当前项目中主要使用,PyTorch Lightning 框架,在此进行记录
==暂未进行章节区分==
在继承 pl.LightningModule
构建自己的 net 时,需要记住框架在真正运行时,会运行的那些步骤,及其顺序,并针对性地进行覆写
以下示例中,看函数名字,就能知道运行顺序,详细情况还是查官方文档Callback — PyTorch Lightning
"""运行顺序
for epoch_i in range(num_epoch):
on_train_epoch_start()
for batch in trainning_dataloader:
on_train_batch_start()
trainning_step()
on_train_batch_end()
on_train_epoch_end()
on_validation_start()
for batch in validation_dataloader:
on_validation_batch_start()
validation_step()
on_validation_batch_end
on_validation_end()
"""
class CustomNet(pl.LightningModule):
def __init__(self, options: dict):
super().__init__()
self.save_hyperparameters()
self._options = VqVaePartttenNetHyperParameters.parse_obj(options)

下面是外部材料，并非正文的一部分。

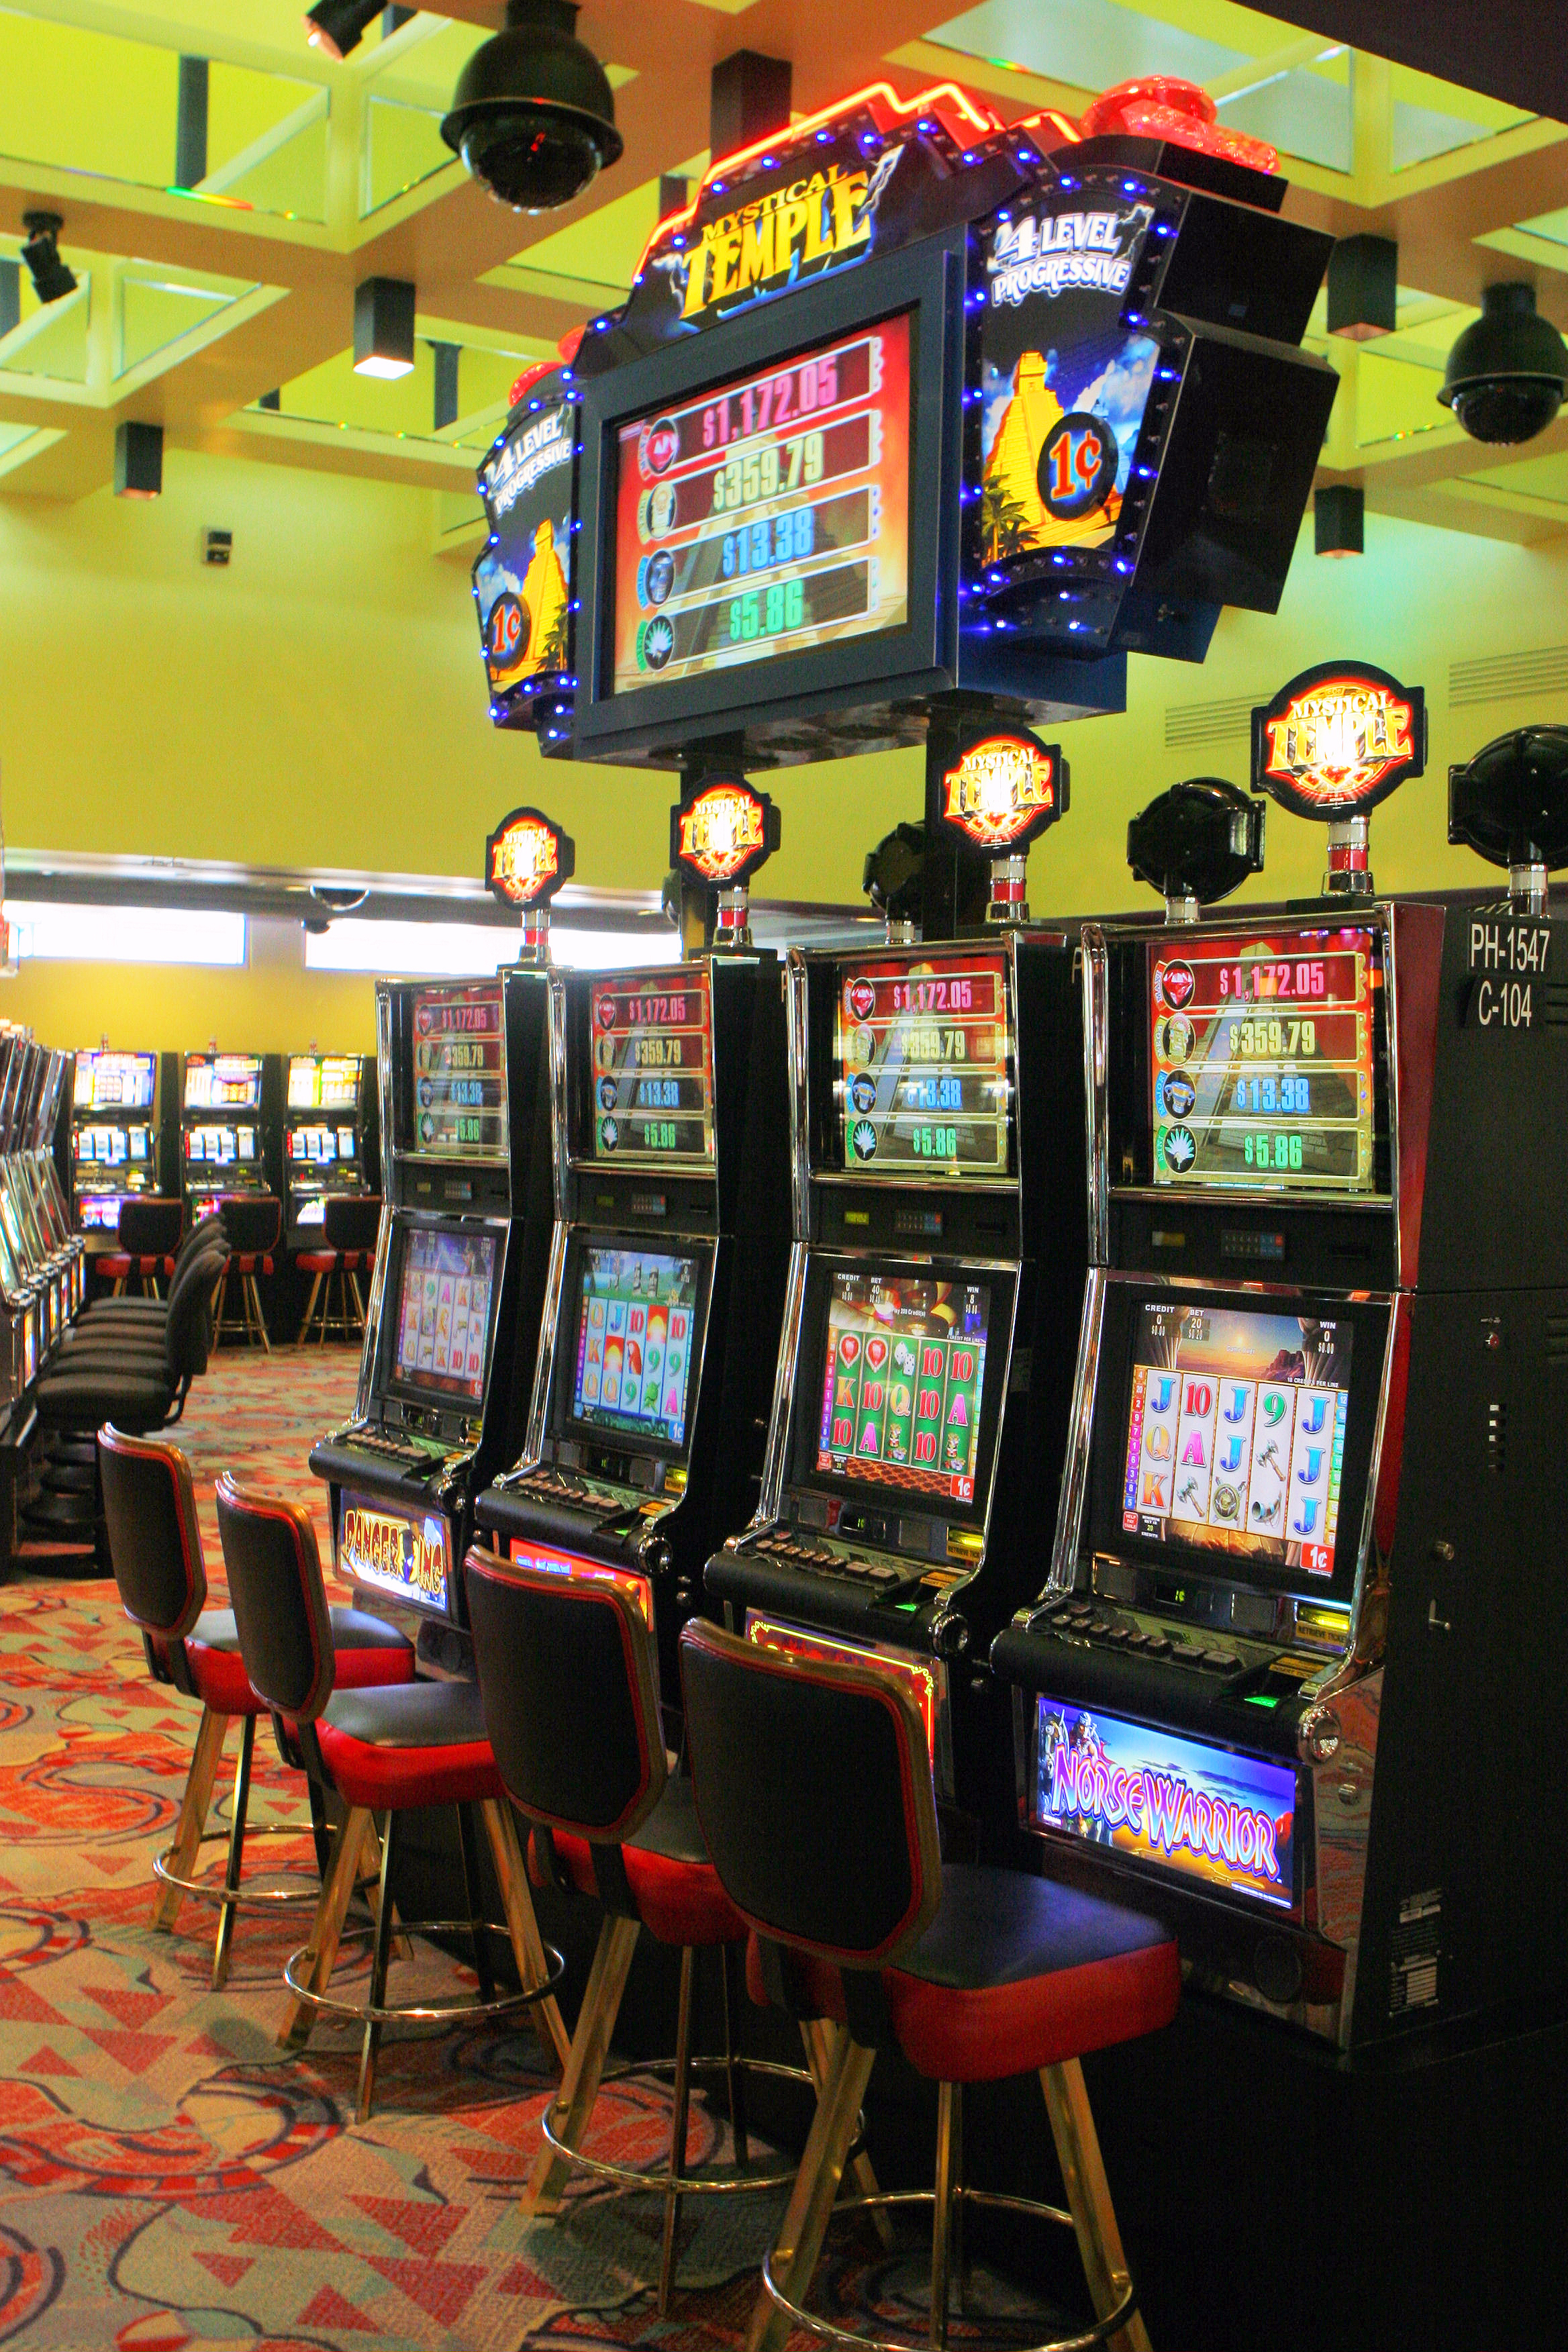 Ponce Hilton Casino Costa Caribe Puerto Rico

self._lr = self._options.learning_rate
...
def configure_optimizers(self):
optimizer = torch.optim.AdamW(self.parameters(), lr=self._lr)
return {
"optimizer": optimizer,
"lr_scheduler": {
"scheduler": torch.optim.lr_scheduler.MultiStepLR(
optimizer, milestones=[30, 60], gamma=0.1
),
"frequency": 1,
"interval": "epoch",
"strict": True,
"name": "learning_rate",
},
}
def forward(
self,
seq_daliy_industry_lv1_mean: torch.Tensor,
seq_intraday: Optional[torch.Tensor] = None,
) -> torch.Tensor:
...
return nearest_neighbor, preds
def training_step(self, batch, batch_idx):
...
return loss
def validation_step(self, batch, batch_idx):
...
def on_train_epoch_start(self) -> None:
...
def on_train_epoch_end(self) -> None:
...
def on_validation_epoch_start(self) -> None:
...
def on_validation_epoch_end(self) -> None:
...
在正式的训练之前(指 training_step
validation_step
) 运行前,会进行检查,self.trainer.sanity_checking
判断是否处于此状态,以对一些 hooks 进行屏蔽,以下为示例:
def on_train_epoch_end(self) -> None:
result = self._signal_analysis_cache_train.compute()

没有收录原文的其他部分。